> [Records for the exercise]:
▼▼▼

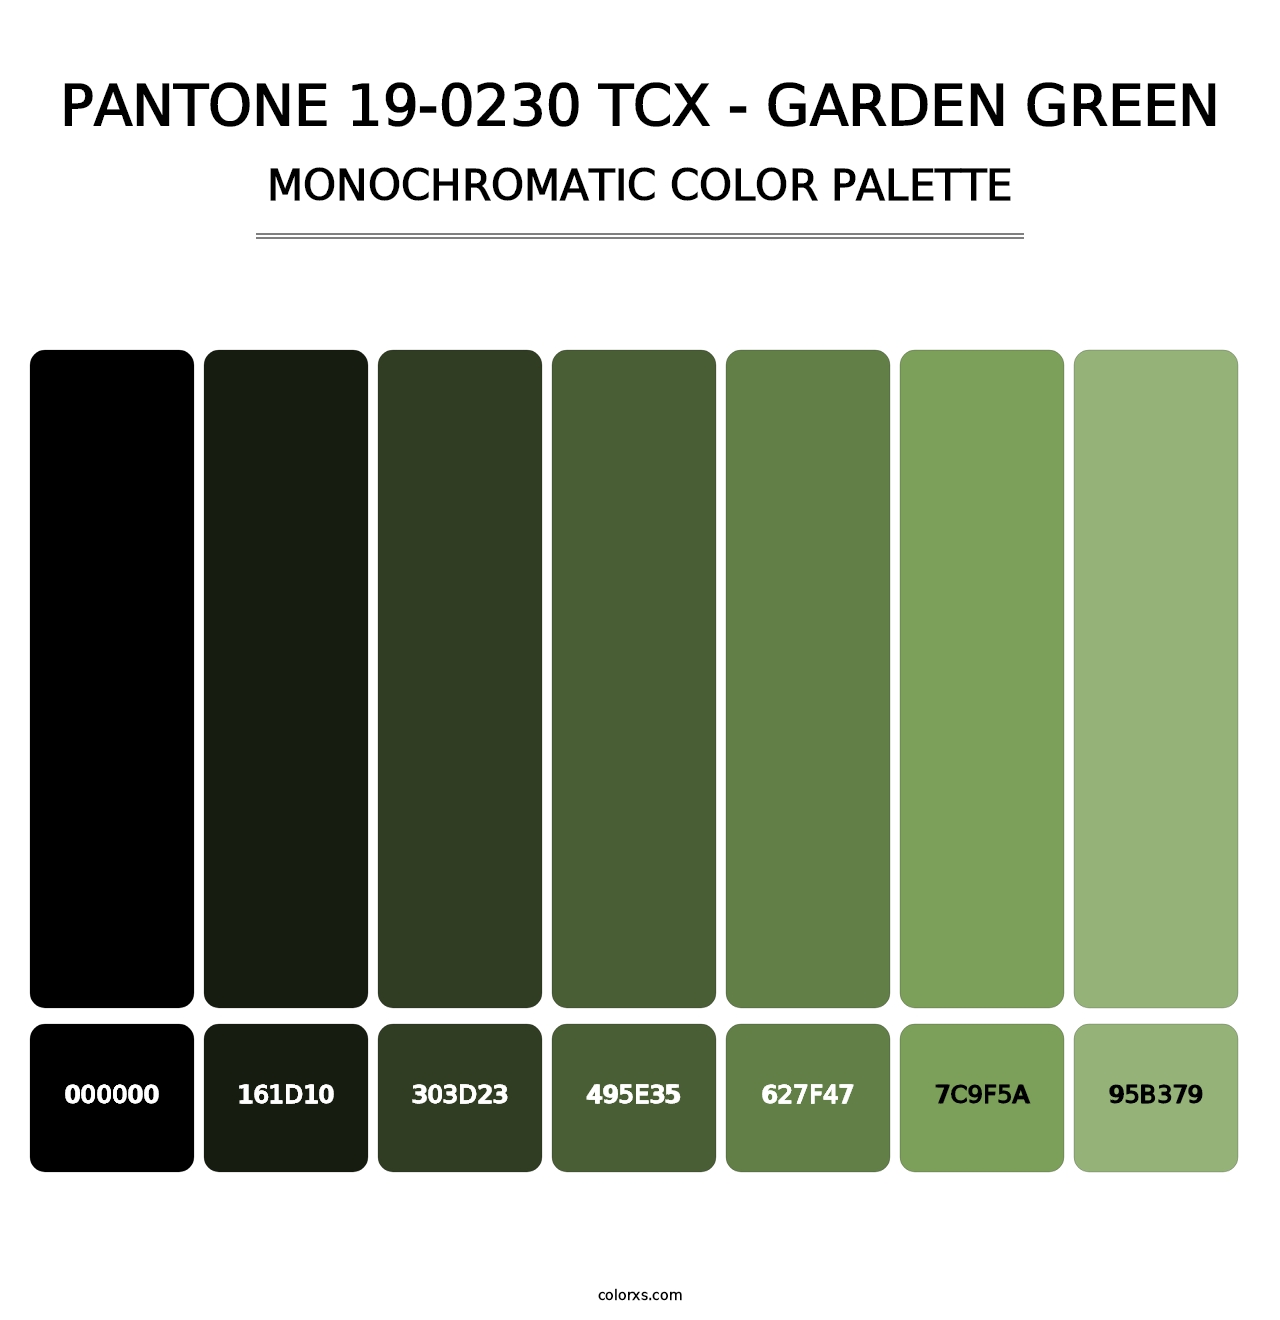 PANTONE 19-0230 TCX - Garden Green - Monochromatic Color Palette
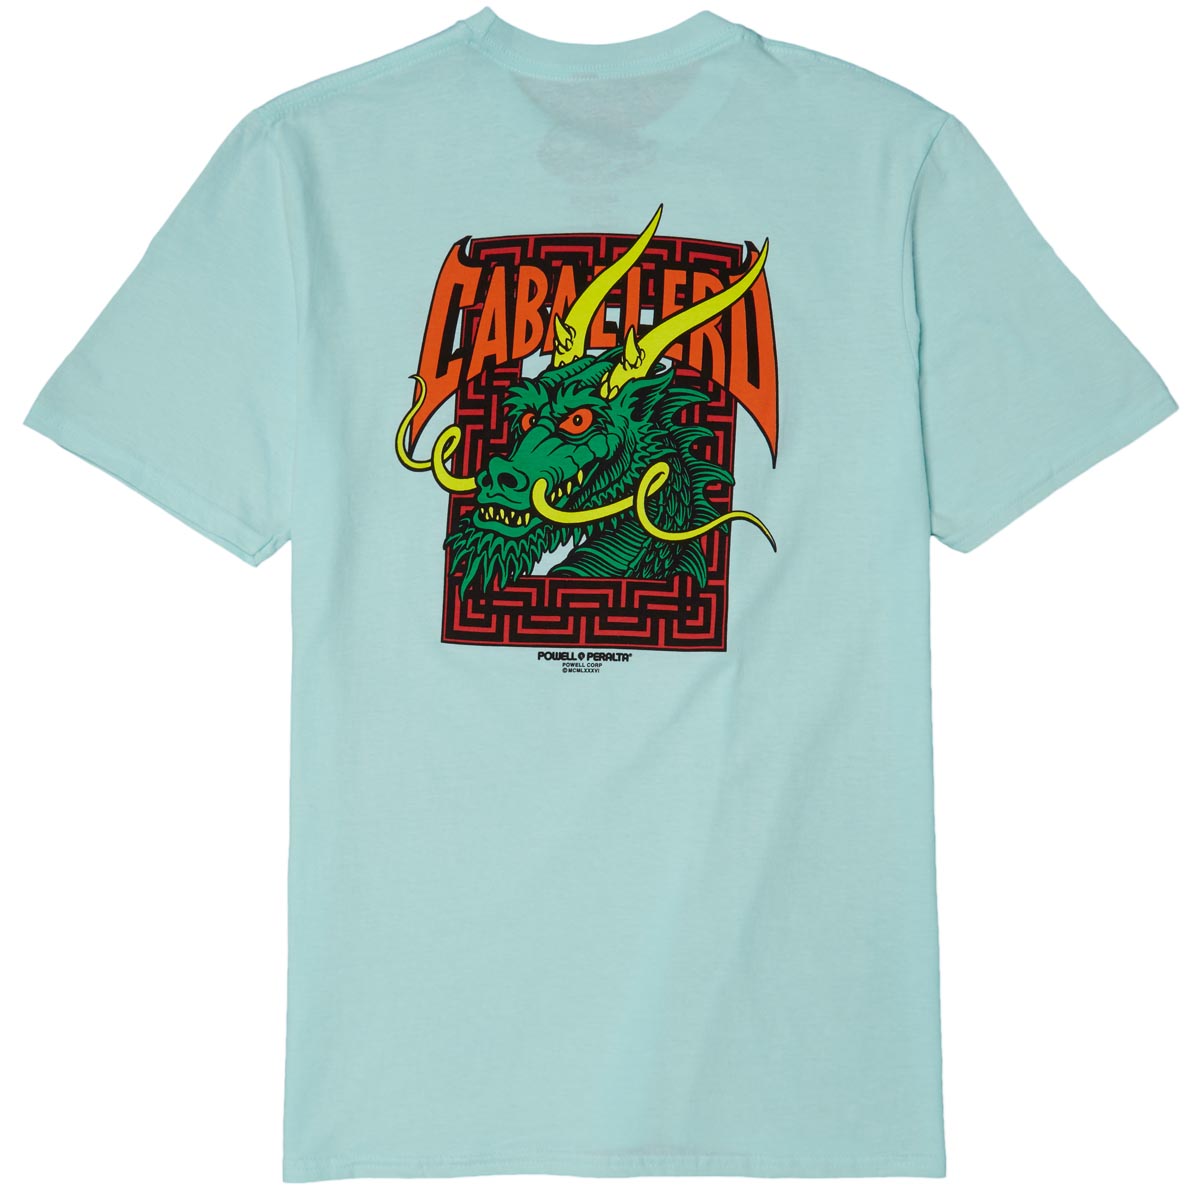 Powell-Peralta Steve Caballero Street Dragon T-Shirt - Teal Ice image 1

▲▲▲
▼▼▼

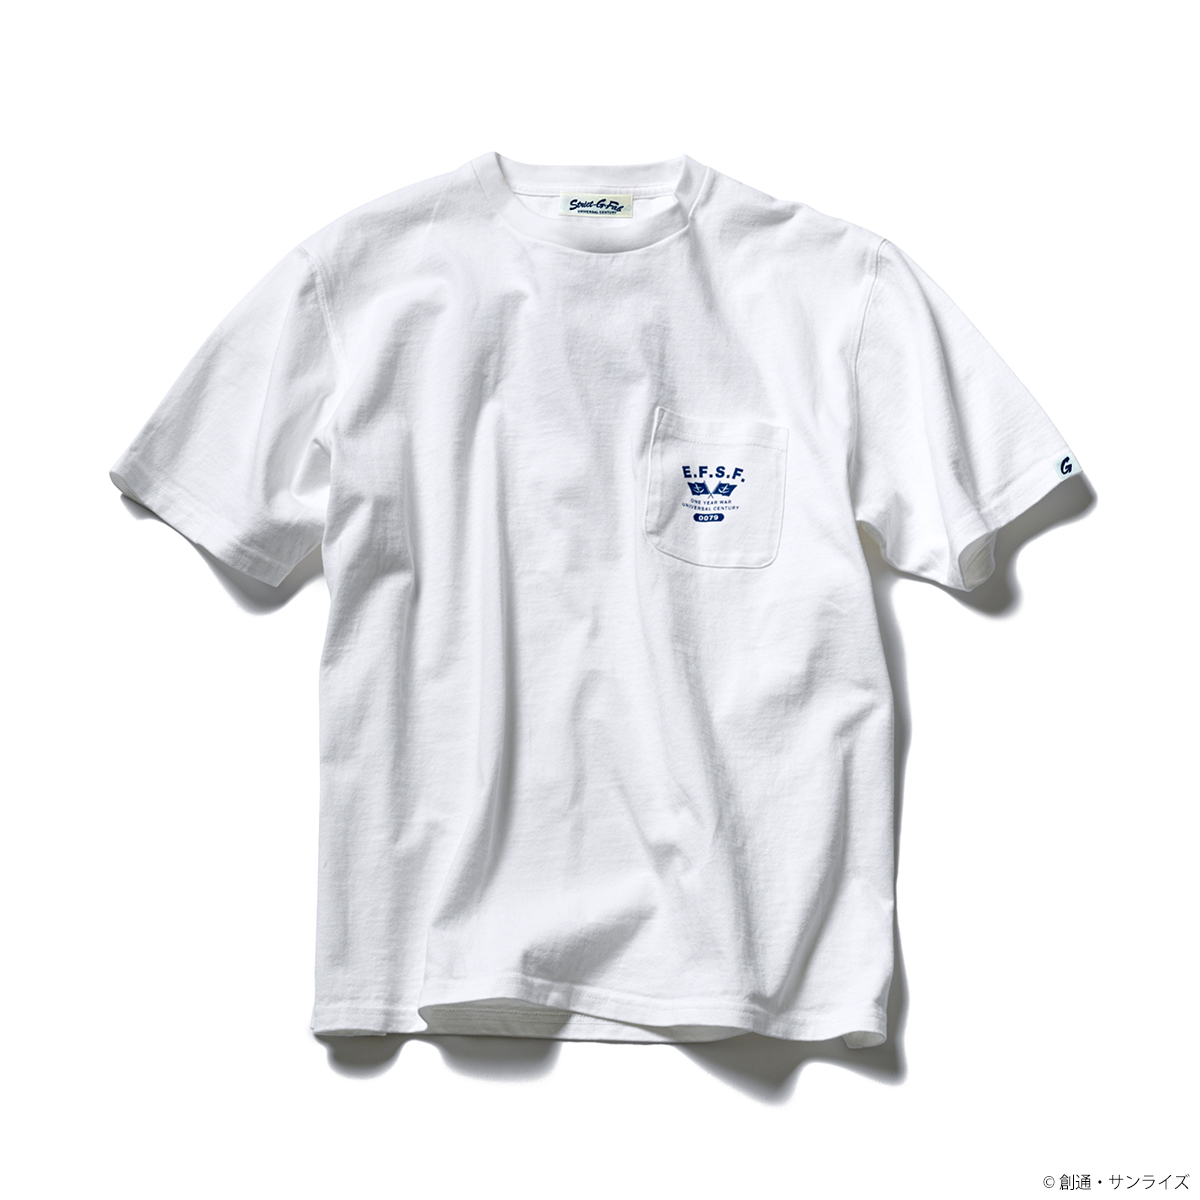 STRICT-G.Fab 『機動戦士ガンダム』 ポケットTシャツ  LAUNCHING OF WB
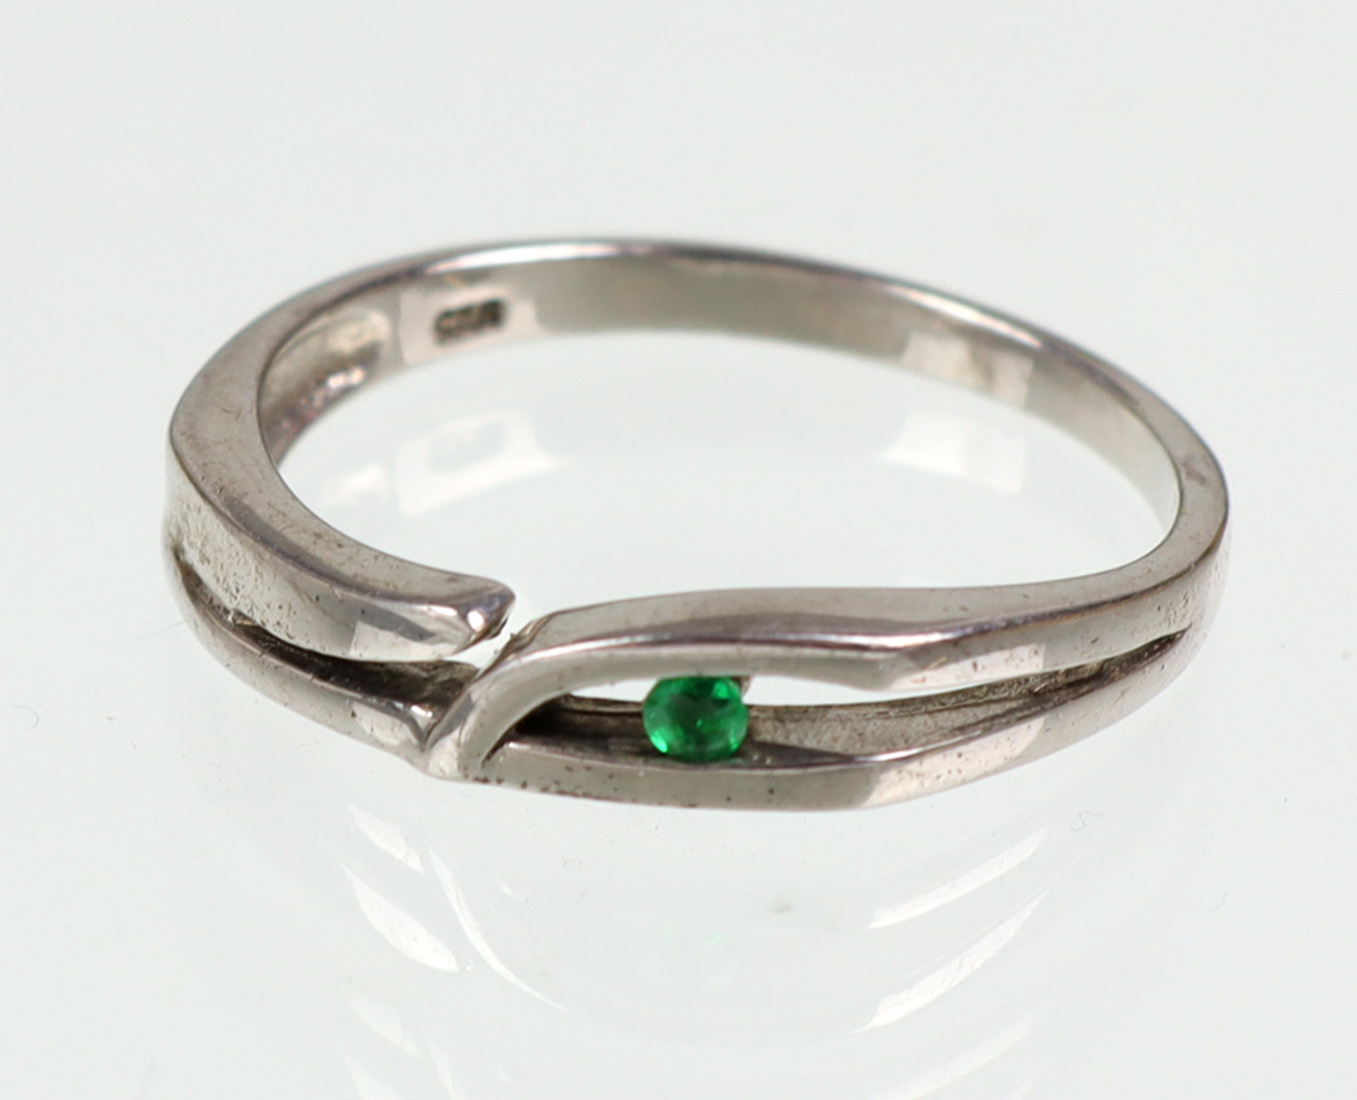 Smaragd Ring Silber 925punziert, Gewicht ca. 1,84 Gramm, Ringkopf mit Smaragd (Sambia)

▲▲▲
▼▼▼

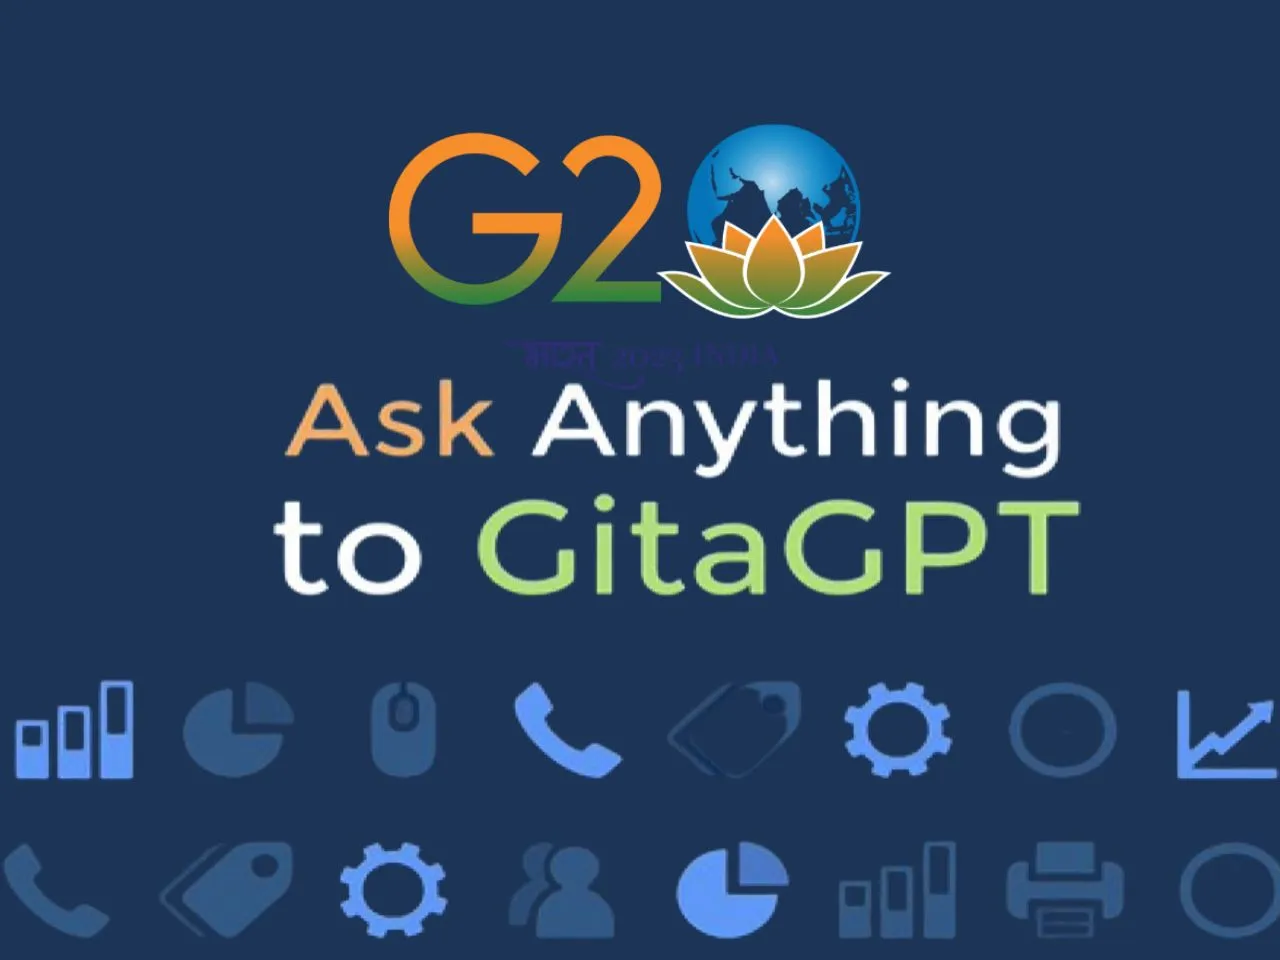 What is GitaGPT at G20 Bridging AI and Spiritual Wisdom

▲▲▲

> [Assigned task]: Look above for the line with "STRICT-G.Fab 『機動戦士ガンダム』 ポケットTシャツ" and copy exactly from it through the line with "Smaragd Ring Silber", both included. Omit the pictures.

> [Answer for the task]:
 STRICT-G.Fab 『機動戦士ガンダム』 ポケットTシャツ  LAUNCHING OF WB
 Smaragd Ring Silber 925punziert, Gewicht ca. 1,84 Gramm, Ringkopf mit Smaragd (Sambia)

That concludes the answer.